Decimal Equivalent of Binary Number (11001.011)

To find the decimal equivalent of a binary number, we need to understand the value of each digit in the binary number system. The binary number system is a base-2 system, meaning it uses only two digits: 0 and 1. Each digit in a binary number represents a power of 2.

Step 1: Understanding the Binary Number
The given binary number is (11001.011). Let's break it down into two parts: the integer part and the fractional part.

Integer Part: 11001
Fractional Part: 011

Step 2: Converting the Integer Part to Decimal
To convert the integer part from binary to decimal, we can use the place value method. Starting from the rightmost digit, we assign powers of 2 to each digit, increasing from right to left.

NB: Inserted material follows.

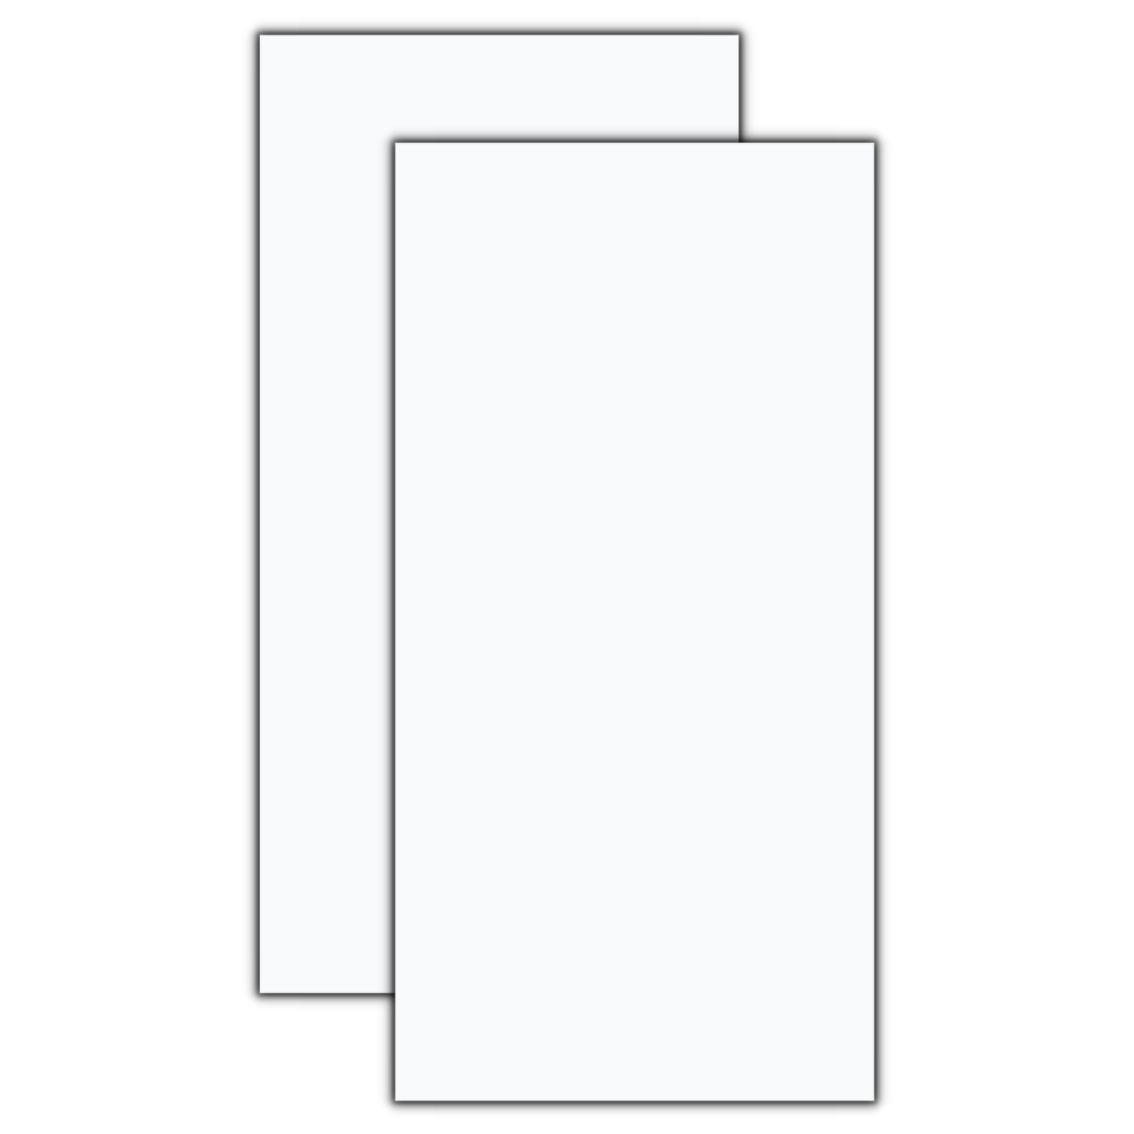 Cotton Polido 63x120 cm <br /><b>R$ 96,00 M² </b><br />Cx 2,27 M² <b> R$ 217,92</b>

11001 = (1 * 2^4) + (1 * 2^3) + (0 * 2^2) + (0 * 2^1) + (1 * 2^0)
= 16 + 8 + 0 + 0 + 1
= 25

So, the integer part (11001) in binary is equal to 25 in decimal.

Step 3: Converting the Fractional Part to Decimal
To convert the fractional part from binary to decimal, we use negative powers of 2. Starting from the leftmost digit after the decimal point, we assign negative powers of 2 to each digit, decreasing from left to right.

0.011 = (0 * 2^-1) + (1 * 2^-2) + (1 * 2^-3)
= 0 + 0.25 + 0.125
= 0.375

So, the fractional part (0.011) in binary is equal to 0.375 in decimal.

Step 4: Combining the Integer and Fractional Parts
To find the decimal equivalent of the given binary number (11001.011), we combine the values obtained from the integer and fractional parts.

Decimal Equivalent = Integer Part + Fractional Part
= 25 + 0.375
= 25.375

Therefore, the decimal equivalent of the binary number (11001.011) is 25.375.